Лахман почесал свой бугристый череп.
– Странно, с тех пор как я продаю все эти медальоны и четки, у меня возникает совсем другое чувство к Богу. Я теперь в некотором роде шизофренический иудокатолик. Так это точно не святотатство? Не осквернение Бога? Нет, правда, ты-то как считаешь?
Я покачал головой.
– Я считаю, у Бога куда больше юмора, чем мы предполагаем. И куда меньше сострадания.
Лахман встал. Он уже принял решение.
– Я ведь даже не продаю эту воду. Значит, это не будет бесчестной сделкой. Я ее просто дарю. Уж это-то наверняка не возбраняется. – Он внезапно осклабил щербатые зубы в вымученной улыбке. – Это же ради любви! А Бог – это любовь! Ладно! Последняя попытка! А какую взять бутылку, как ты думаешь?
– Только не из-под мойковской водки. Ее-то она узнает наверняка.
– Да конечно же, нет. Какую-нибудь совсем простую, анонимную бутылку. Из тех, какие бросают в океан матросы. Бутылочная почта. Запечатанная! Вот в чем весь фокус! Попрошу у Мойкова немного сургуча. У него-то определенно есть – для водки. Может, у него и старая русская монета найдется, с кириллицей, ею и припечатаем. Как будто бутылка из древнего монастыря на Иордане. Как ты думаешь, это ее проймет?
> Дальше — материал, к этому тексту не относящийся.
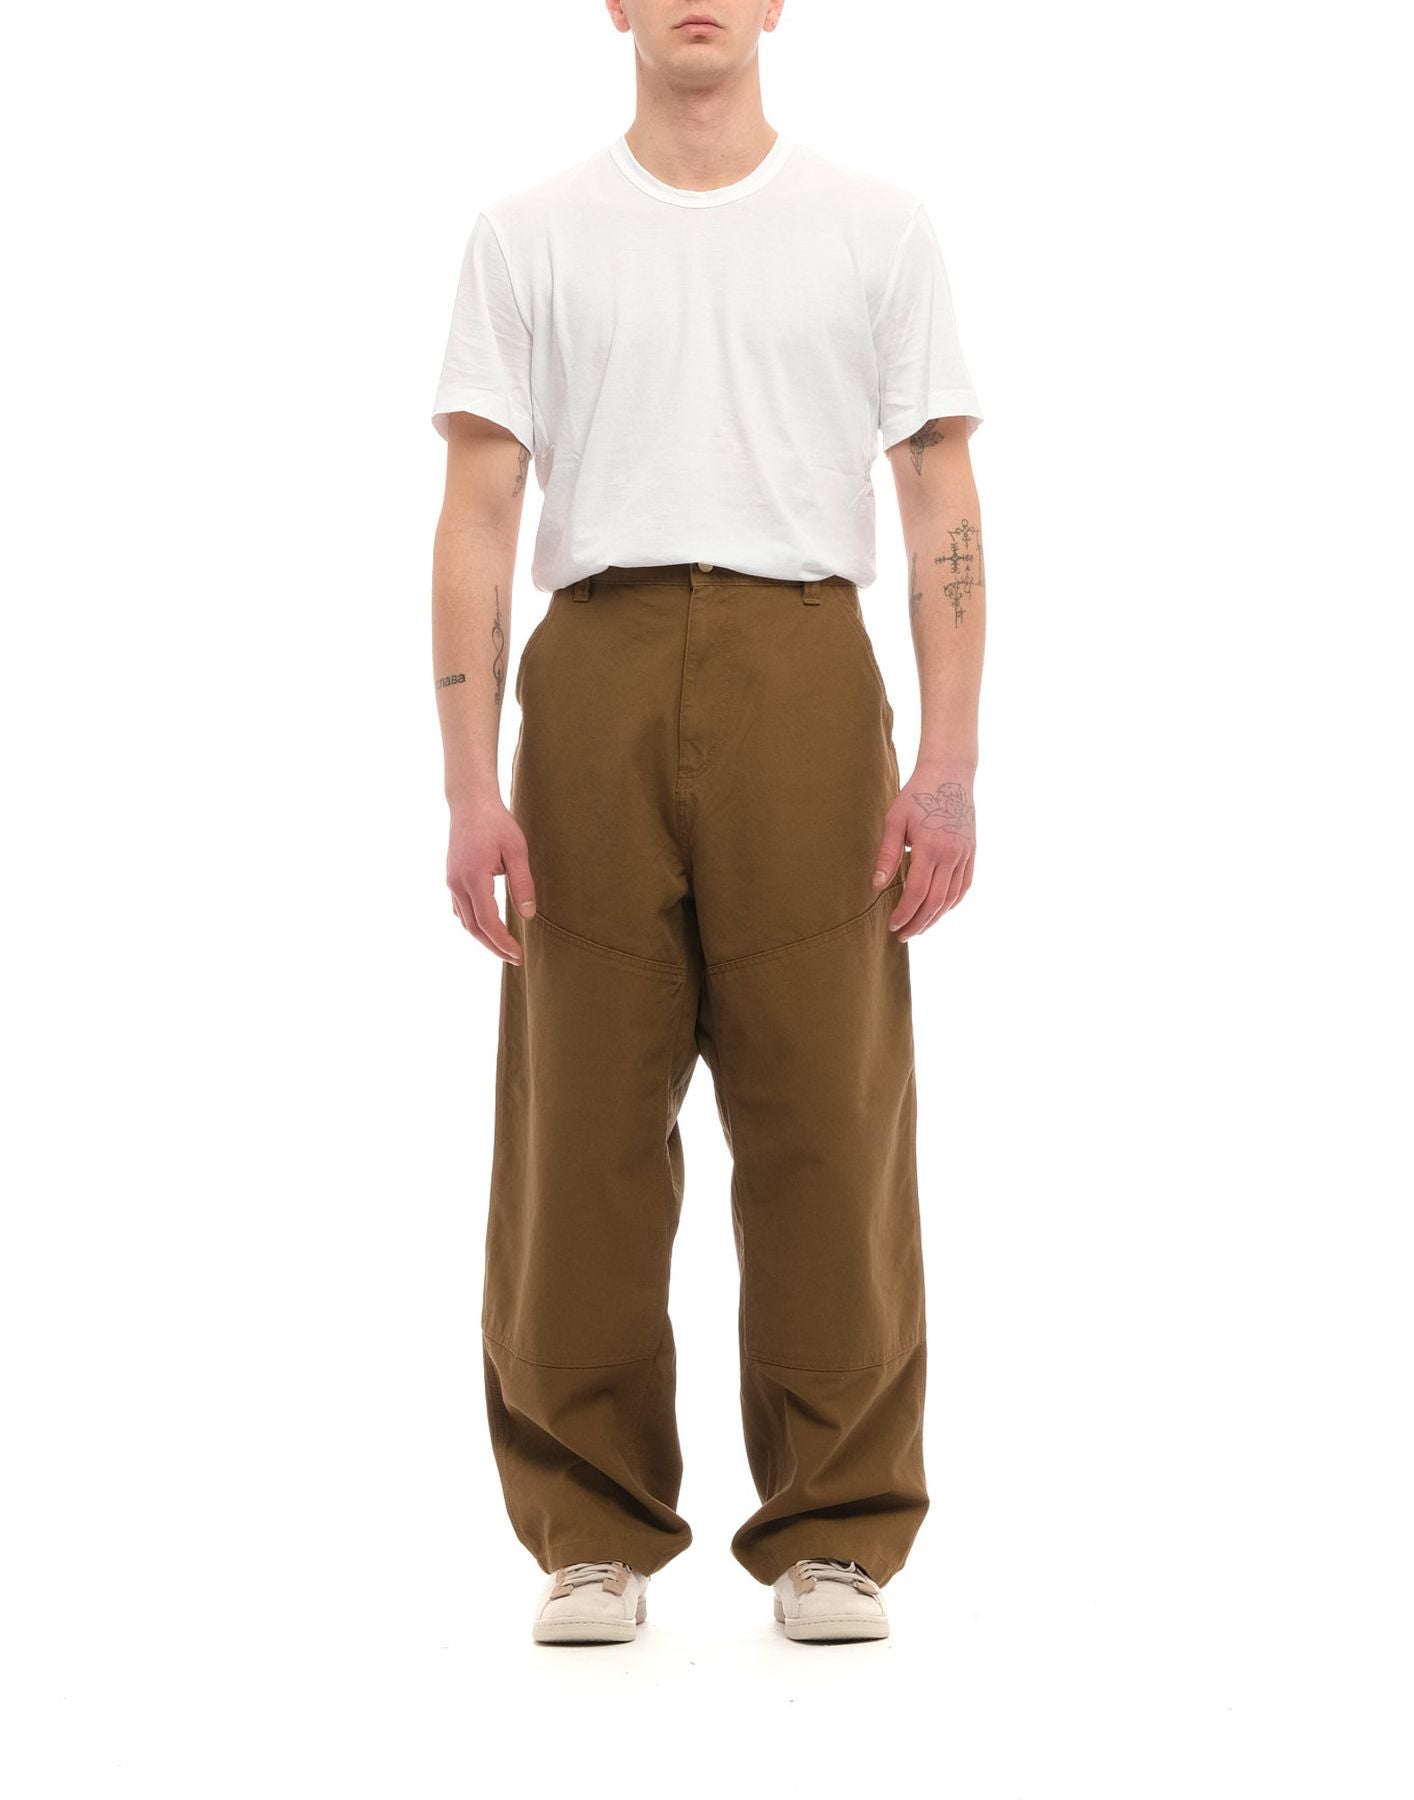 Pantalones para hombre I031393 BROWN CARHARTT

– Нет. Думаю, тебе лучше на несколько недель вообще о ней забыть, это скорее подействует.
Лахман обернулся. Гримаса отчаяния перекосила его лицо. Блекло-голубые глаза таращились, как у снулой пикши.
– Опять ждать! Не могу я ждать! – завопил он. – Я и так живу наперегонки с годами! Мне уже сильно за пятьдесят! Еще год-другой, и я импотент! Что тогда? Одна только бессильная похоть, тоска и никакого удовлетворения! Это же ад! Как ты не понимаешь?! А много ли у меня было в жизни? Только страх, изгнание и нищета. А жизнь одна! – Он достал носовой платок. – И та на три четверти считай, что уже прошла! – прошептал он.
– Не реви! – резко сказал я. – Все равно не поможет. Уж этому, надеюсь, жизнь тебя научила.
– Да не реву я, – ответил он с досадой. – Просто высморкаться хочу. У меня все переживания на нос перекидываются. На глаза ни в какую. Если бы я мог плакать – разве такой я имел бы успех? А так – кому нужен Ромео, у которого от полноты чувств из носа течет? Я же продохнуть не могу. – Он несколько раз оглушительно высморкался. Потом, взяв на прицел Мойкова, заковылял к стойке.
Я отнес вазу к себе в комнату. Поставил ее на подоконник и стал разглядывать в угасающем вечернем полусвете. Был примерно тот же час, что и в Брюсселе, когда музей закрывался и я выходил на свободу из своей кладовки.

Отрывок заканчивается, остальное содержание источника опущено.